Сергей дернулся, открыл рот, но Надежда Андреевна привлекла его крепче и прикрыла губы своей ладонью. Лобанов послушно замер.
Он обмяк, желваки на скулах разгладились и лицо будто погасло. Алексей не знал, чего ждать от случившихся перемен. Лобанов все же обнял женщину, и они простояли так некоторое время, будто шепчась о чем-то. Потом Надежда Андреевна обернулась к Юрию Ивановичу:
— Успокойтесь.

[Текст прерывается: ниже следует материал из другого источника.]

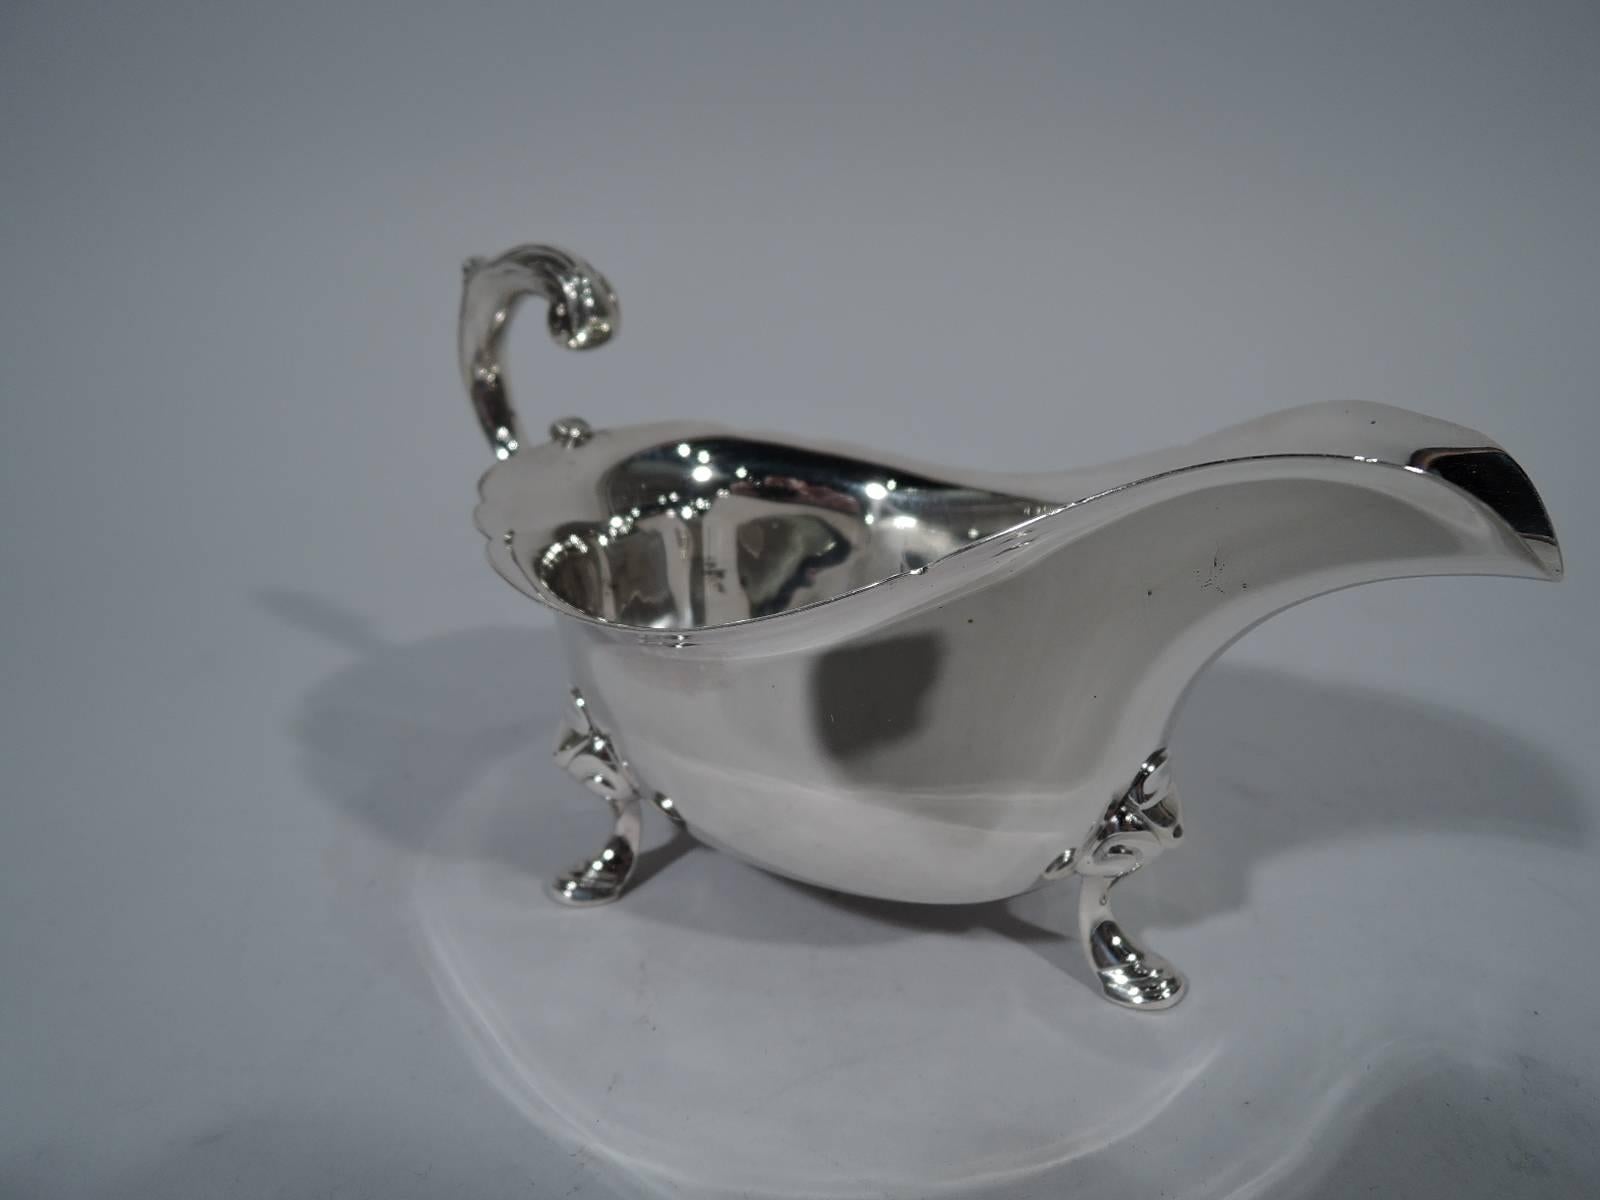 Wartime sterling silver gravy boat in Georgian style. Made by Tiffany & Co. in New York. Helmet mouth with scalloped rim and leaf-capped flying double-scroll handle. Rests on three hoofs with volute scroll mounts. A nice traditional piece made in a

Они уходят.
Толстячок подозрительно оглядел парочку.
— Сколько раз просил я вас не вмешиваться, — проворчал он. — Впрочем, ладно.
Может быть, сейчас и неплохо. Итак, господа?
Волин недоверчиво тронулся с места, забирая в сторону, чтобы обойти Юрия Ивановича подальше.
Надя опять повернулась к Сергею, обняла его и подтолкнула. Лобанов как будто хотел упереться, но все же сделал первый шаг. До самой двери Надежда Андреевна вела и поддерживала его, как тяжело больного. Юрий Иванович посторонился.
— Счастливого пути, — пожелал он приятелям в спину, и Волину почудилась в этом напутствии затаенная издевка. Надежда Андреевна обернулась.
— Если вы затеете какую-то гадость…
— Совершенно невозможная особа, — покривился толстячок. — Пусть себе идут… откуда пришли.
Хоть убей, что-то недоговаривал чертов коротышка, поигрывал камушком за пазухой.
«Параноик, — одернул себя Алексей. — Он сам ждет не дождется, чтоб нас унесло». И шагнул в распахнутую дверь.